At about 2 a.m. Jim awoke to the feeling of someone tugging at his mattress. He opened an eye and saw a figure, apparently trying to remove his jacket from underneath. Jim reached out and grasped an open collar then produced his Colt from under the sheets.
“Leave it alone or there’ll be a large hole where your brains are now.”
The figure looked down at the weapon. “Don’t give me that. I’m not stupid. There’s no power pack on that thing.”
A voice came from the next bed. It was Halbert. “It’s a new model, power pack is in the handle. Better do what he says, he’s crazy. Saw him fry a dog yesterday and laugh his head off.”
The intruder let go of the jacket and rapidly disappeared.
“Thanks,” Jim said, pushing the Colt under his pillow.
“Don’t mention it; just keep the party going tomorrow.”
For the remainder of the night Jim slept very lightly, waking at every creak and loud snore. Occasionally he reached under the pillow as a patron got up and wandered in the direction of the bathroom.
* * *
Next morning they had to leave at 7 a.m. after a small breakfast. There were things Jim needed from his own possessions. He couldn’t go anywhere near the lab or his home, so he had to come up with some way of having the things brought to him.

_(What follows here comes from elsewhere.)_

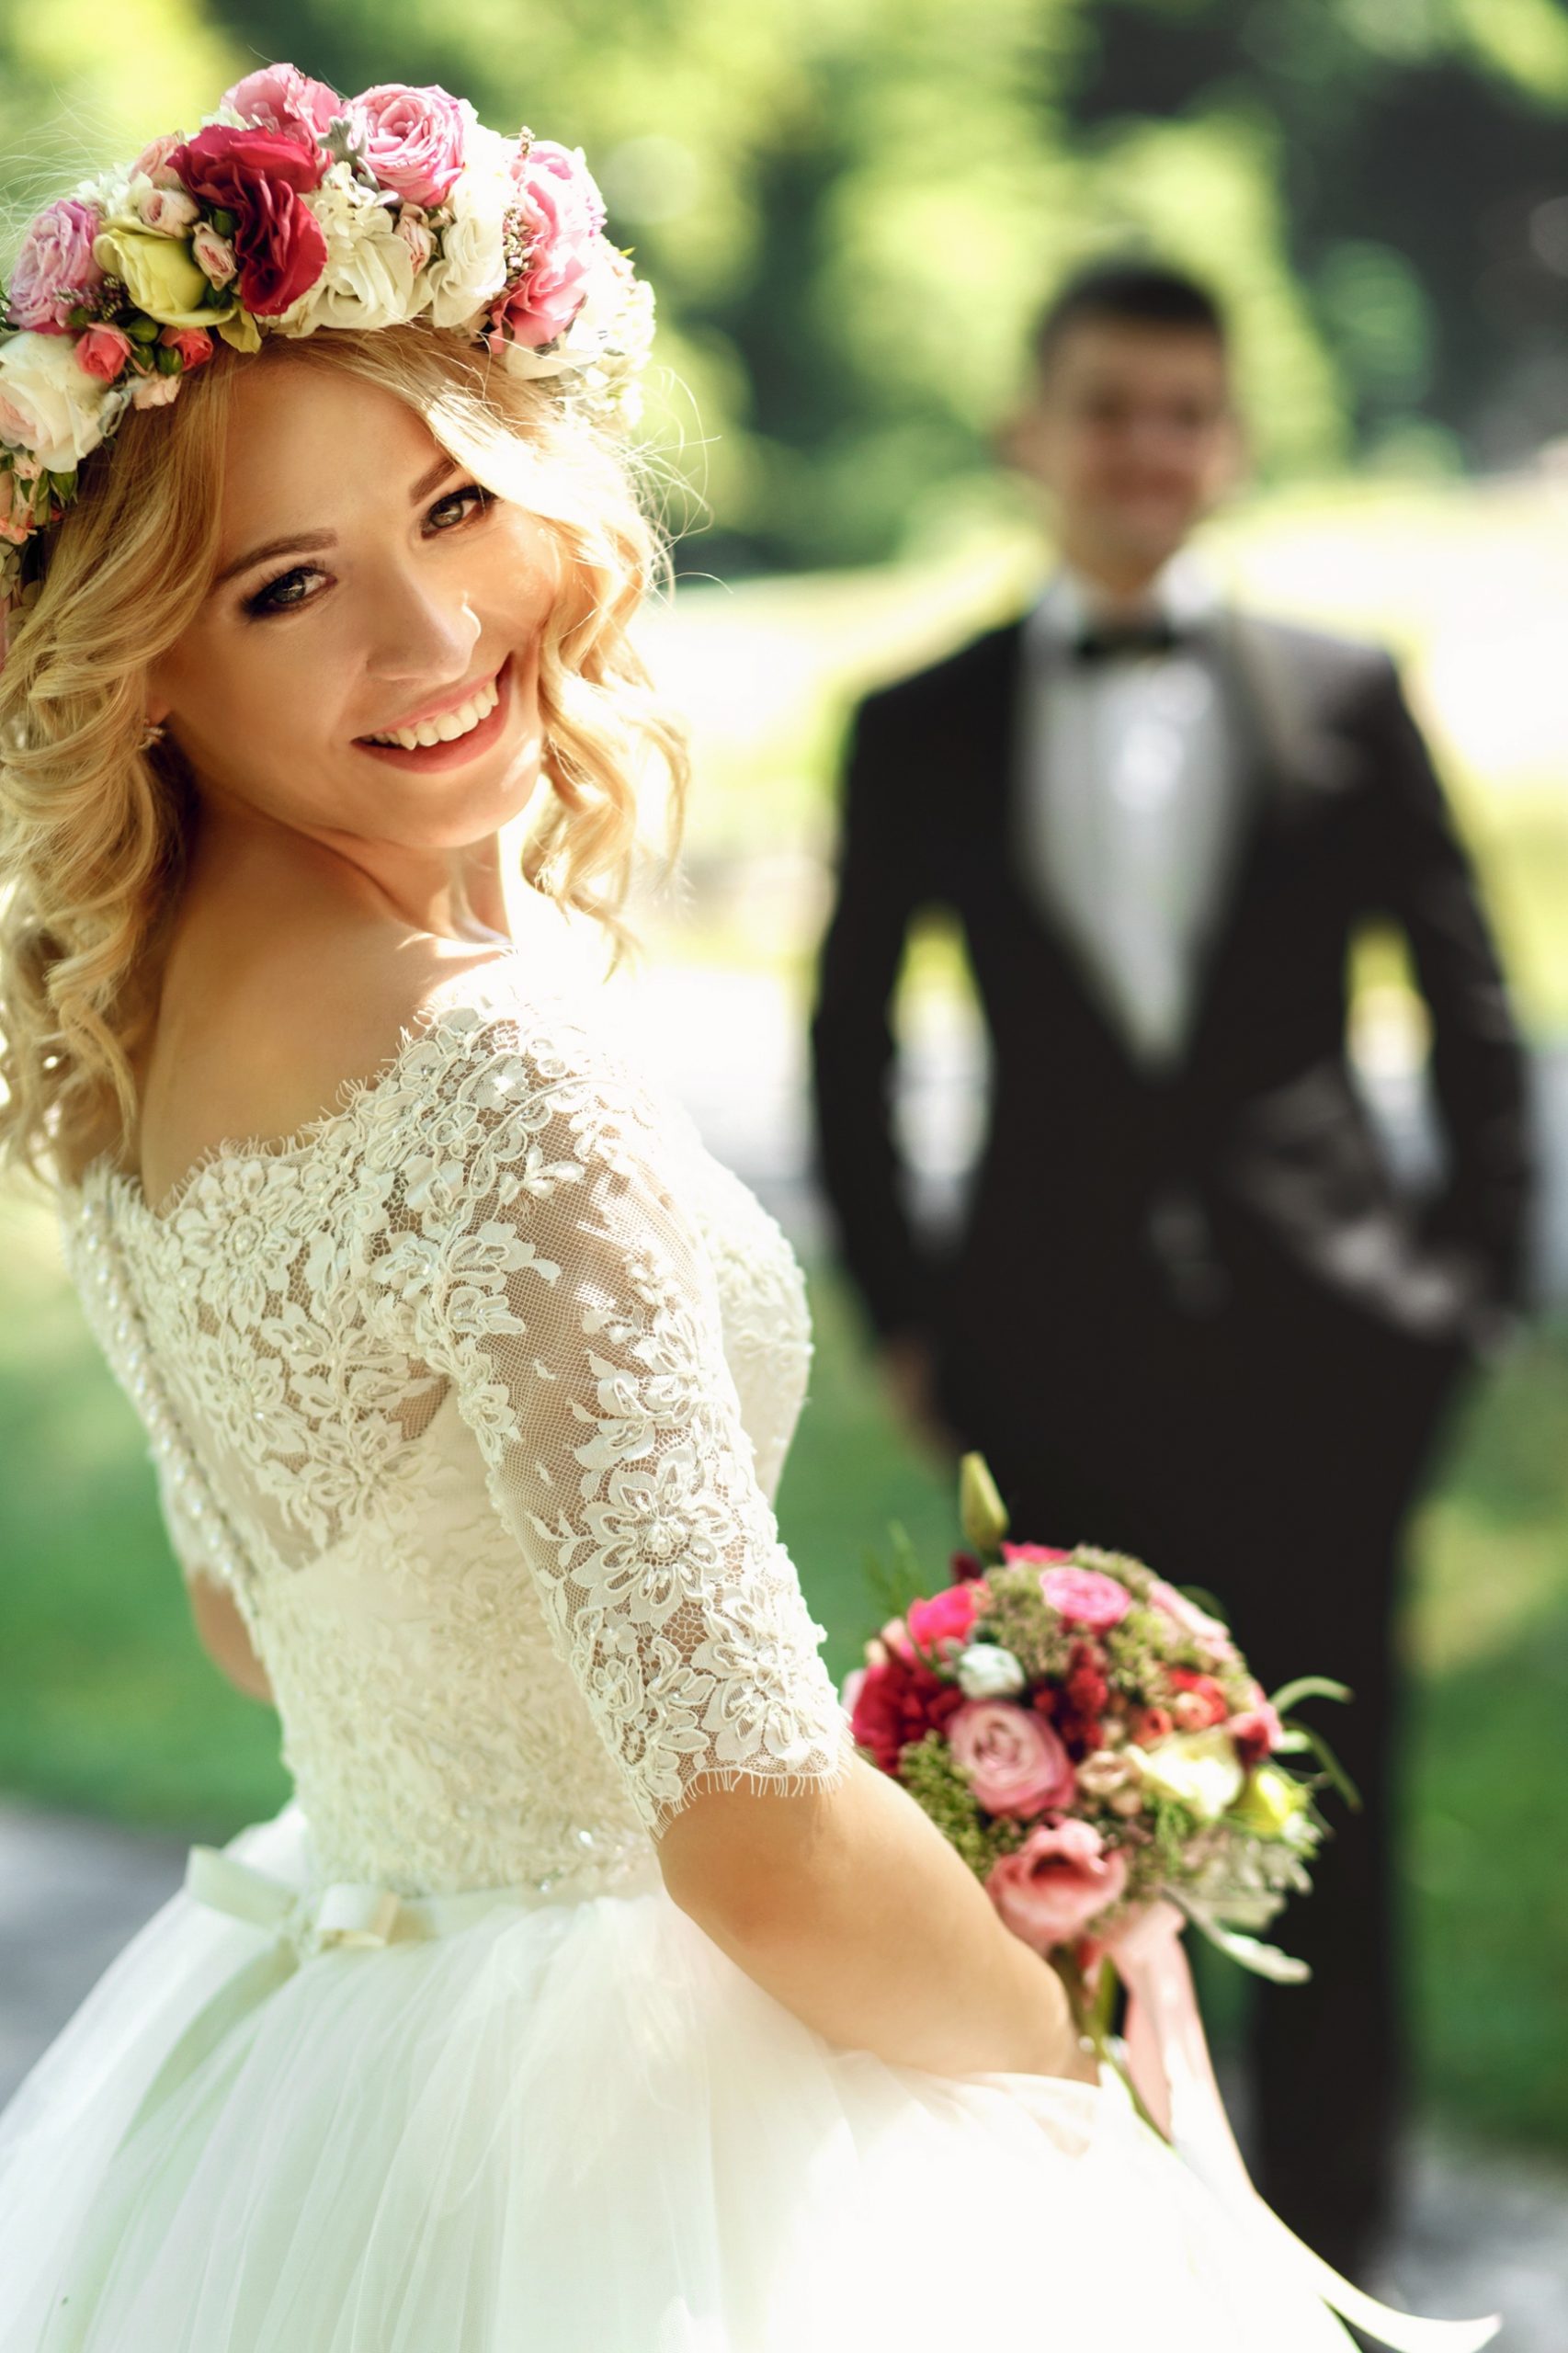 A beautiful bride smiling with her back to the camera. She is wearing a flower crown and holding a matching bouquet and in the background stands the groom.

A number of options were avail
able. He could ask one of his friends to go, but putting them in such a dangerous position was unacceptable.
He now had the assistance of a trustworthy gang. Even though disreputable looking and continually impaired, it was better than nothing.
They ambled in the direction of a park frequented by citizens of their caste. Lack of time was no longer a factor. The guise of a drunk would do as a cover, for a while at least.
A park bench made an adequate conference table. They sat sipping the good stuff. Passing citizens paid them no attention; the disguise seemed to be working.
“Do you think they could pick up on it if I made a call to the lab,” Jim asked Alfred.
“If they’re into everything, like you say, they would do it in a heartbeat.”
“No one’s looking for me,” Halbert announced. “My voice print has not been registered with any of the systems for years. They probably think I’ve died.”
“No,” Phil said. “You only smell like it.”
They all chuckled.
“So how can I call for my transit?”
“There are ways,” Halbert said.
“Bounce the call off another pen phone,” Alfred said.
“Two of you have pen phones?” Jim said.
“No, but I can get them. Just do not ask where I did.”
They all chuckled.
* * *
Halbert made the call to Levin at the lab. The instructions were to place selected crates in Jim’s transit and park it in the parking lot. The only other person to be notified was Dr. Redmond.
The next part of the plan involved Alfred waiting at a distance from the throughway. Jim traveled by bus to a point two kilometers away. It was closer to the throughway on the probable route of the transit if called from the first phone. To take the bus, he had to purchase a pass disk from a vending machine at one bus stop.
He waited for the arranged call from Alfred. At a predetermined time the phone buzzed, Jim answered it. At the other end Alfred threw his phone into a bush.
Jim was surprised at the clarity of the make shift connection as he heard the computerized operators voice.